**Aim of the task**.
Wherever a picture appears, skip it and retype the rest of the data exactly.

═══ Data segment ═══

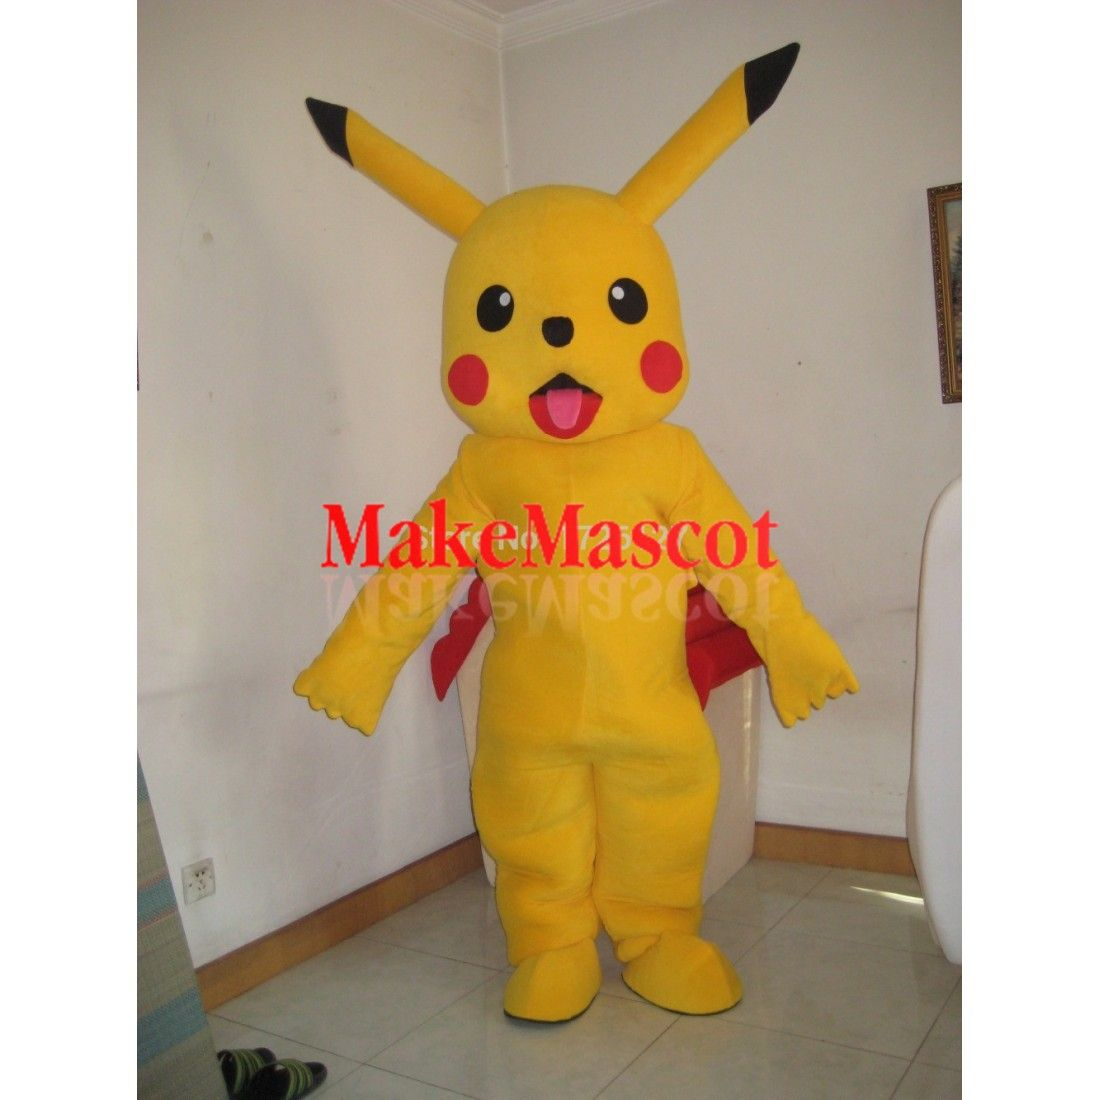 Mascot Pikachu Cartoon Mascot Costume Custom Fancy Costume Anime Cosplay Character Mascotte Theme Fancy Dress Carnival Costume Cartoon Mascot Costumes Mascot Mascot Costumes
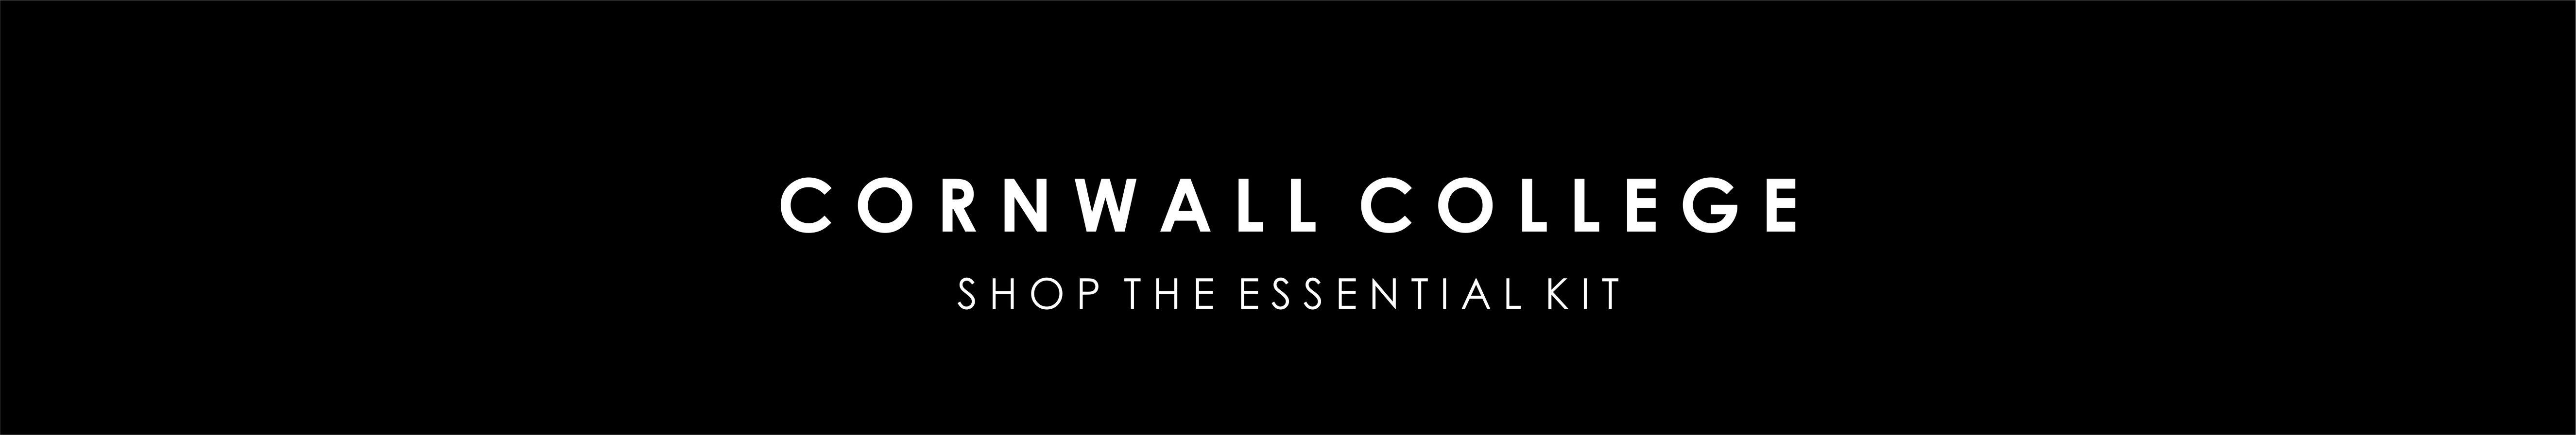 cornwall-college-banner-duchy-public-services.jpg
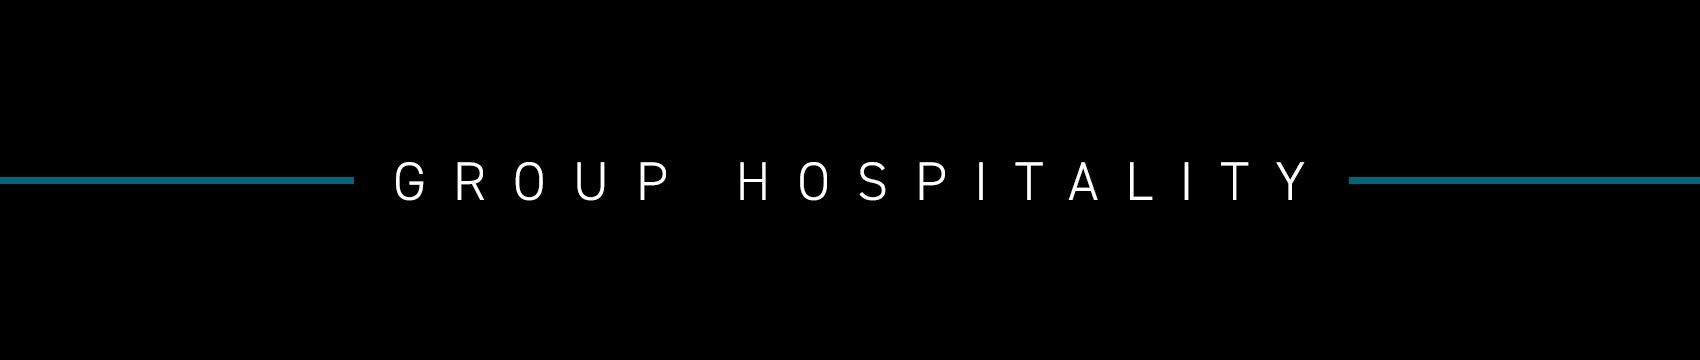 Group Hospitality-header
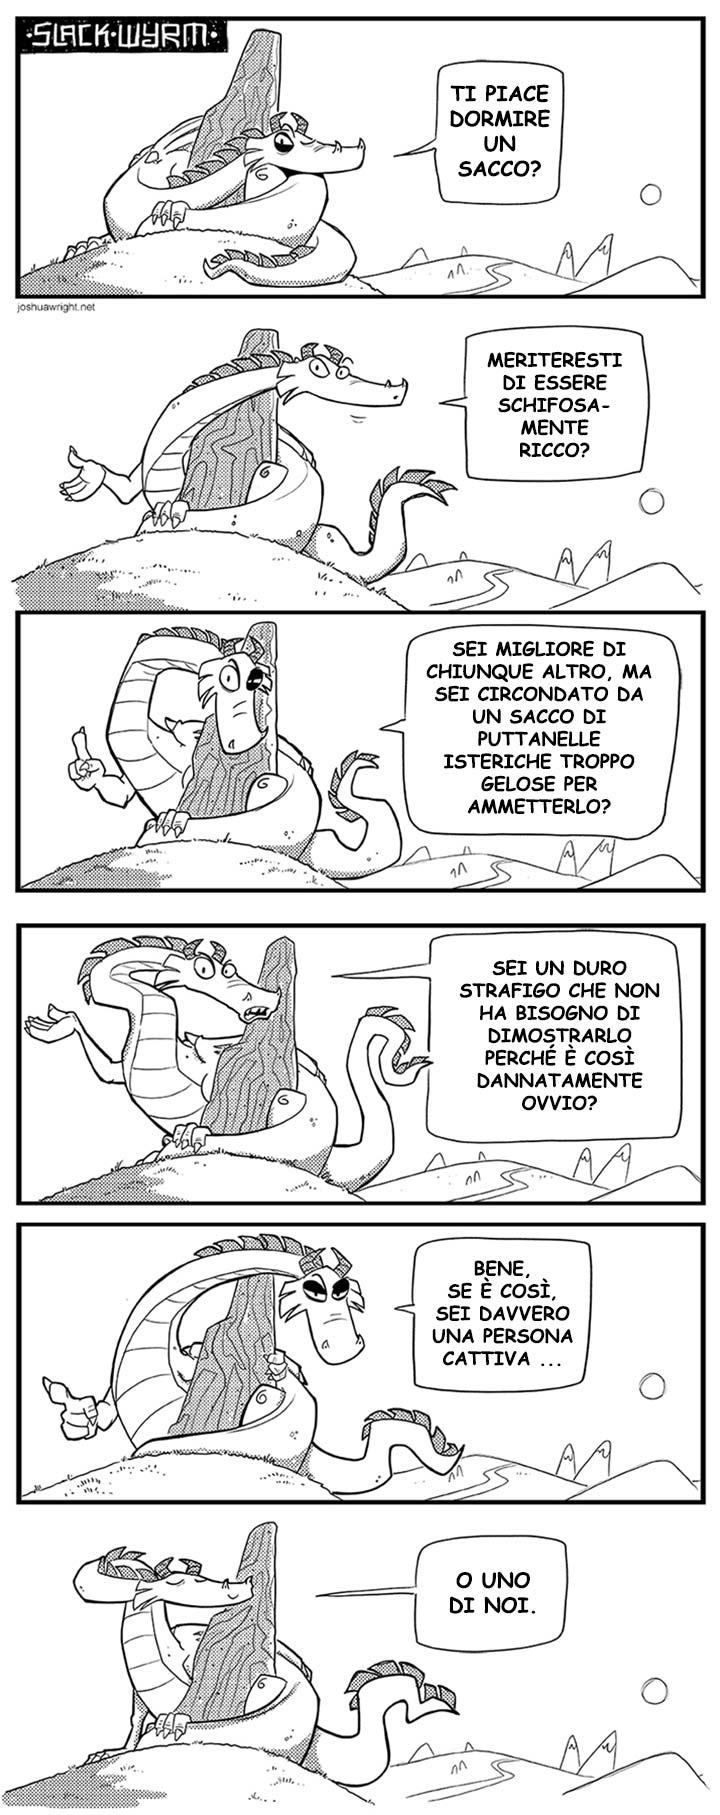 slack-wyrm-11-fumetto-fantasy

═══

**Your response**.
 Mascot Pikachu Cartoon Mascot Costume Custom Fancy Costume Anime Cosplay Character Mascotte Theme Fancy Dress Carnival Costume Cartoon Mascot Costumes Mascot Mascot Costumes
 cornwall-college-banner-duchy-public-services.jpg
 Group Hospitality-header
 slack-wyrm-11-fumetto-fantasy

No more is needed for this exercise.